A Finsta (short for a fake Instagram account), for those of you who may be unfamiliar, is the second Instagram account your child may not tell you about, the one she shares with a select group of friends. That Finsta may prove more racy, salacious or, at times, inappropriate than what you are invited to see. Just know that, on any social media platform, your child may very well have more than one account, with split identities to keep track of. I find that this stuff gets very complicated when you really dig into it with teenagers. I feel for them that they sense a need to navigate it all, keep all those identity plates spinning every day, in order to just tread water socially.
A lot of the kids I work with invite me to follow them on some social media account or another. I find what I see there to be, on the whole, quite revealing: heartening, funny, sweet, and occasionally inappropriate, as teenagers are wont to be. But it’s so good to know them in this way, and sometimes talents and interests become apparent in a way that discussion does not always foster. I have discovered I am sitting across from a budding photographer, or a musician, or an artist, from clients’ social media. So, for parents, I encourage you not to fight the trend. It’s a very important part of the life of a child, understandably. And it’s a fight you will lose regardless. Instead, I encourage you to join in. Ask your child if you can follow her. You will feel closer to her. It’s pretty cool.
And remember, again, none of this is your child’s idea. As far as she is concerned, it has always been this way.
Defusing the Power of FOMO
FOMO, or the Fear of Missing Out, has become a far more impactful phenomenon in the age of social media, and the concomitant increase in social anxiety. I find that many parents find themselves inclined to reason their child through their FOMO: “You really couldn’t possibly be missing out on anything that important” or “Get your work done more efficiently, and you will have more time to spend with your friends.” I totally understand these tactics, and the fairly sound reasoning underlying them.
But FOMO tends to be a highly emotional and anxiety-inducing experience for a lot of kids, and reasoning through it does precious little to ease a teen’s anxiety. Instead, I would encourage you to think about your own experience of FOMO, as a teenager or, as so many of us experience, in the present day. Share your experiences with your child. Let them know you can relate to their feelings, and acknowledge the reality that they may well be missing out on something that might matter to them socially. This degree of understanding alone may ease some of their anxiety, just the knowing that someone “gets it.”

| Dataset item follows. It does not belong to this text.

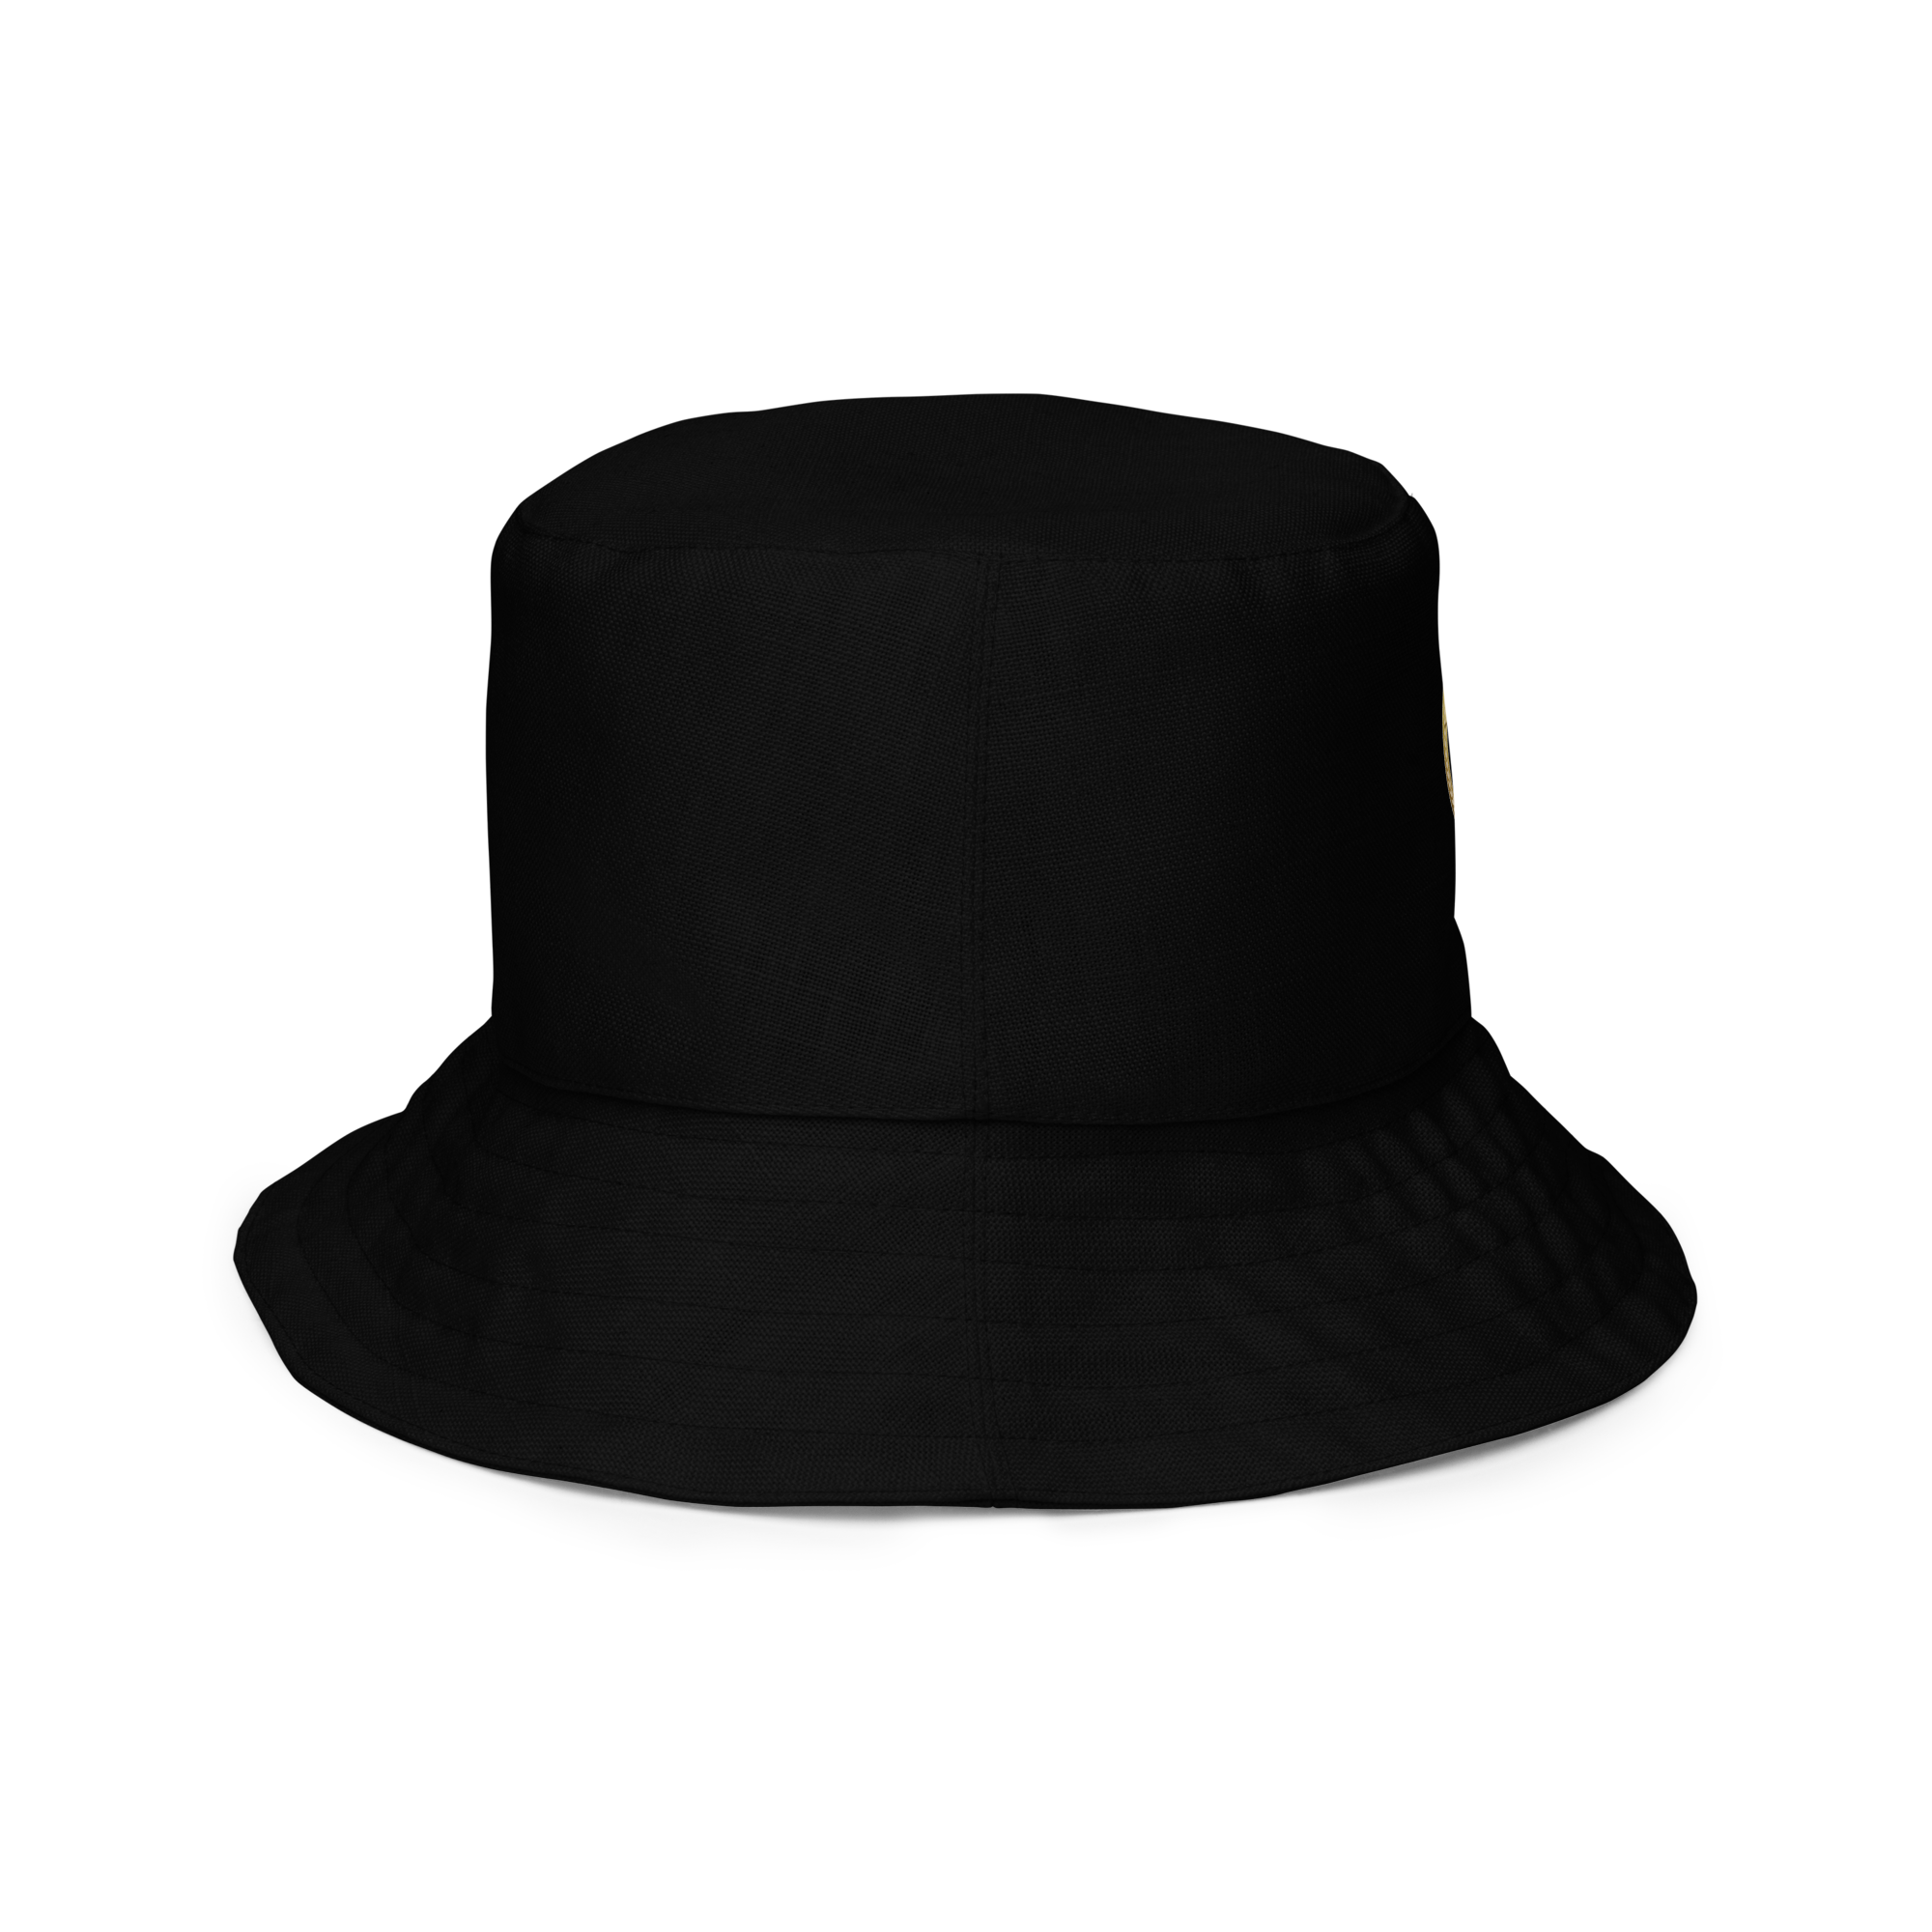 Wings of Haru Reversible bucket hat

Then, I think it makes sense to work through the logistics with them: “You are probably going to miss out on something on occasion—we all do. But that’s okay. Most of us are trying to balance our work, other obligations, and social life. And, big picture, things tend to work out the way they need to.” Then, “How can we get you more involved socially?”
And please, if you feel you’re over your parental skis here, consult with a professional. The social anxiety affiliated with a persistent fear of missing out often requires therapy to rejuvenate a sense of self-worth, and perhaps some social skills training to get them connecting with peers. This really is that important.